All the while, there has been a range of initiatives to try to recruit teachers of so-called shortage subjects, particularly maths and physics, with bursaries—the equivalent of a golden handshake—offered to encourage applicants. The reaction of the university sector to the market review of teacher training, as the noble Lord, Lord Knight, has told us, was, by and large, “If it ain’t broke, don’t fix it.” But I welcome the opportunity to look at the sector. Given the multiplicity of routes into teaching, the quality of the training offered has been patchy, to say the least.

The Liberal Democrats have consistently emphasised that our teachers are the greatest asset of our education system. The disruption to our children’s education caused by the pandemic, with long periods of enforced absence from school, has served to emphasise how valuable face-to-face teaching is. However good the technology, however well planned the lessons, virtual lessons are a pale shadow of an excellent school education.
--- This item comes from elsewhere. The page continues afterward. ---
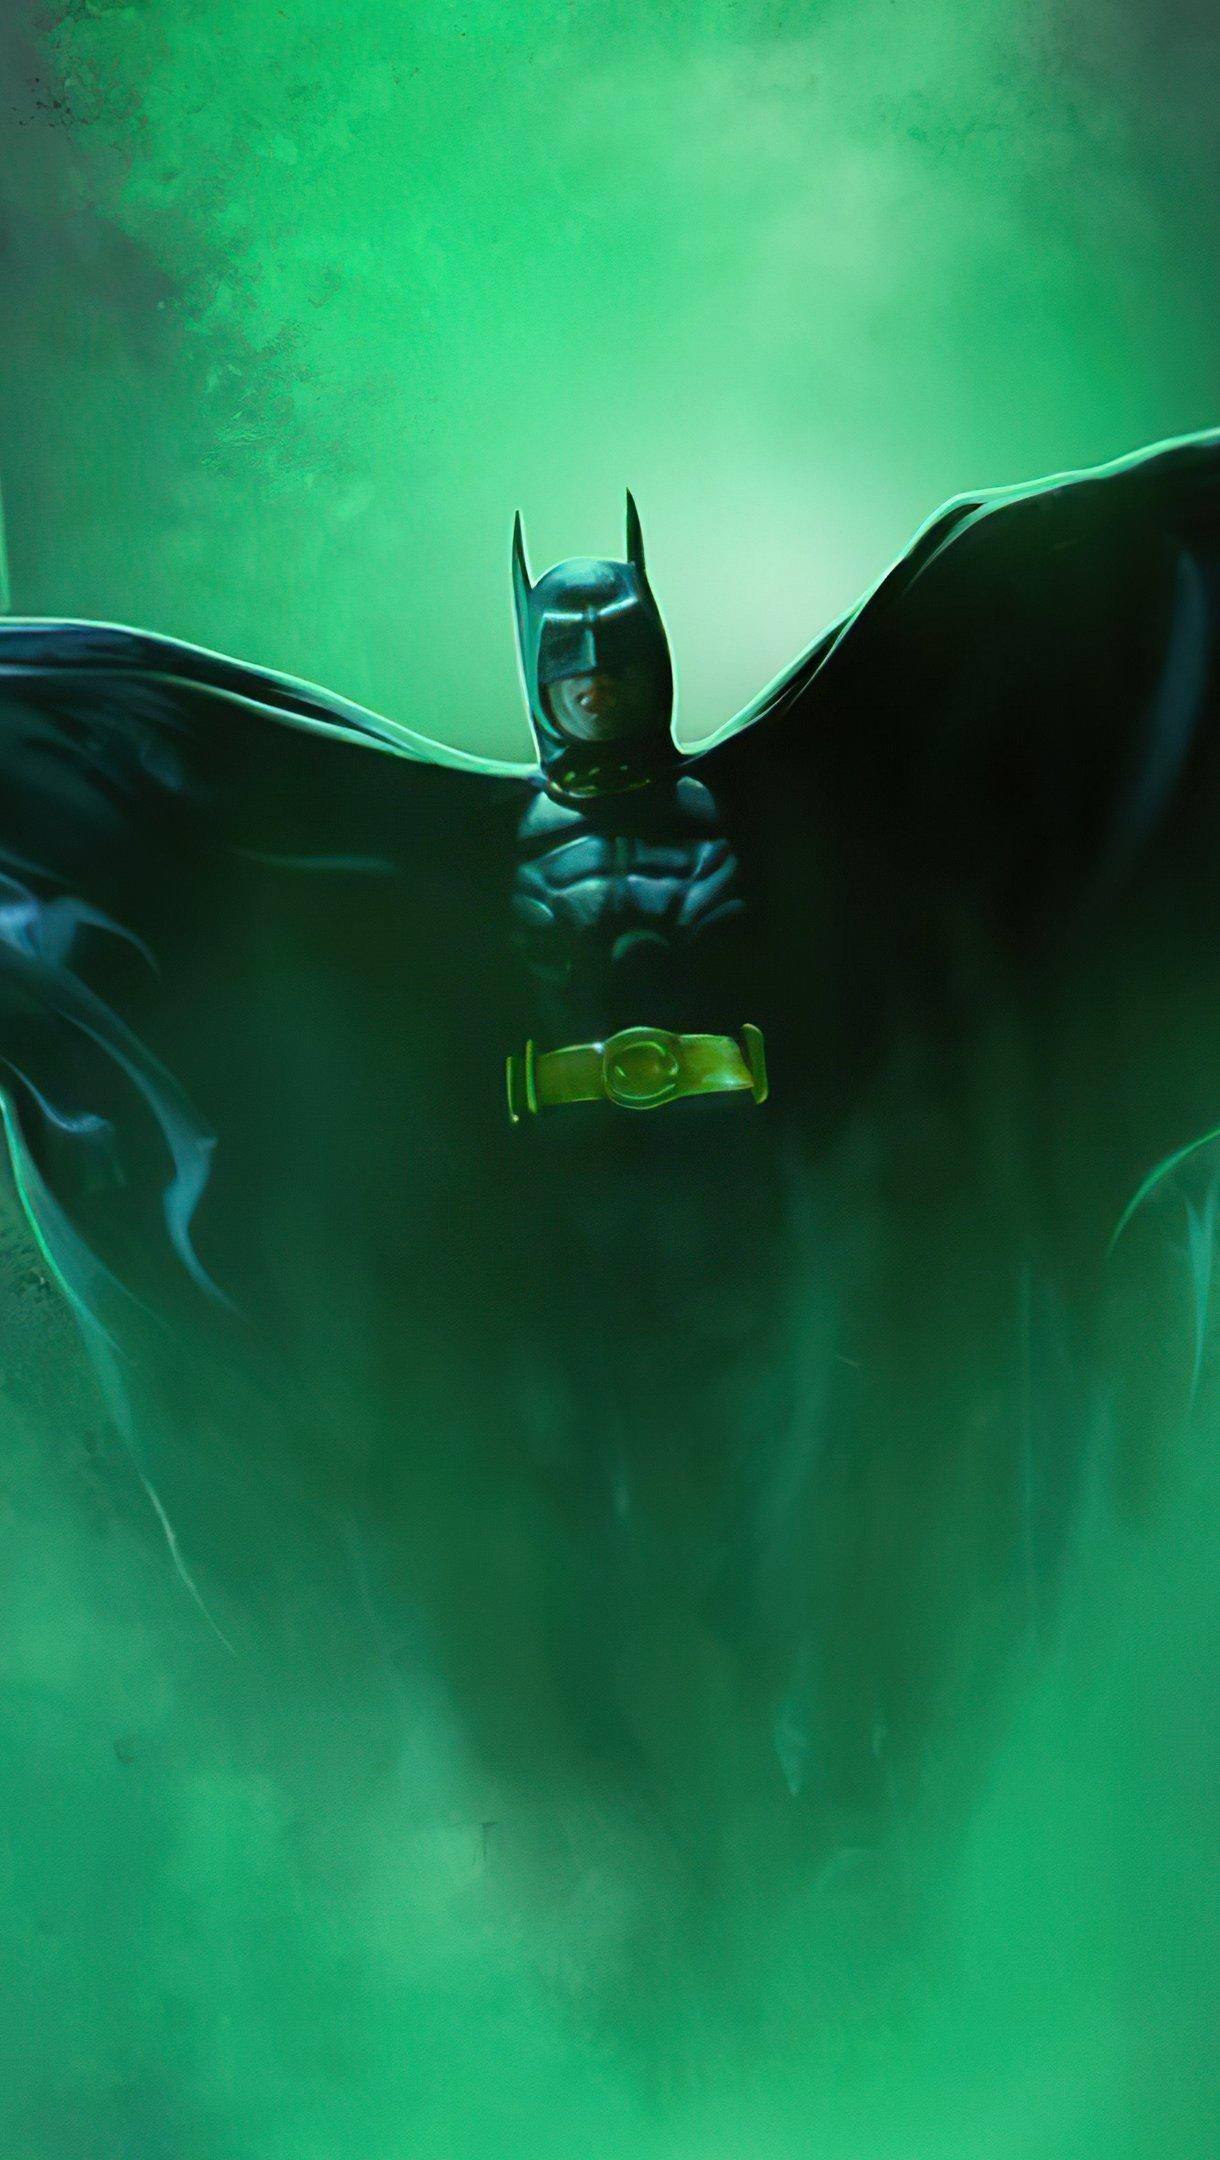 Wallpaper Michael Keaton as Batman Fanart Vertical

I welcome any and every attempt by the Government to attract high-quality graduates to the teaching profession and will support the proposals to make teaching an attractive profession. I can see some merit in the Government’s attempt to improve the quality of initial teacher training. There does seem to be a need to ensure that every trainee teacher, at the end of their professional training, is confident and well equipped to face what is the one of the best, but most challenging, jobs in the world.

I also believe it important that certain elements are mandatory in teacher training. We heard from my noble friend Lord Addington about the importance of special needs. Every primary school teacher needs to do a unit on child development. If they do not know how a child develops from a very young age, how can they really have the rapport to teach them? Every teacher, whether in the primary or secondary phase, needs to know how to identify a child who suffers from dyslexia. It seems crazy to me that that does not happen. When I was doing my degree after my teacher training, my education tutor told me that there was no such thing as dyslexia. That was in the early 1980s.

Universities do have an important role in teacher training, as I have said. However, the emphasis of the Government’s market review of teacher training seems to be on the market aspect. The noble Baroness, Lady Blower, emphasised this, and she is right: it is a pity that the Government’s consultation on the future of initial teacher training was carried out in the summer, between early June and the end of August. The Government maintain that delaying the consultation until this autumn would have delayed plans to push forward with the reforms. Although the consultation ended on 22 August, almost three months ago, we have not yet had any information on the response to it. Maybe we can blame the pandemic; I do not know.

Teachers are the lifeblood of our education system and we must recruit and retain the very best teachers. We can do this only if we can offer them an excellent preparation for the role, support them during the early years of teaching and enable them to flourish in their chosen profession.

A number of questions have arisen during the course of this debate and I look forward to hearing the Minister’s answers. I am concerned that we are still waiting to hear what will emerge from the market review and how much of teacher training will be to do with the market. We have heard today about the Institute of Teaching, with a £122 million contract up for grabs to run the flagship teacher training establishment. Will that be run by a private provider? The top priority of teacher training is the quality and, as in many areas, there is a mixed economy of providers, but I am concerned that we do not throw the HEI baby out with the bathwater. How will the Government ensure that the market is managed so that every teacher benefits from the teacher training experience?

I end by saying that teacher training does not just start before they go into schools, or however they do that; the training of a teacher goes throughout their teaching career, and continuing professional development has to be a hugely important part of the role of schools and, indeed, of government.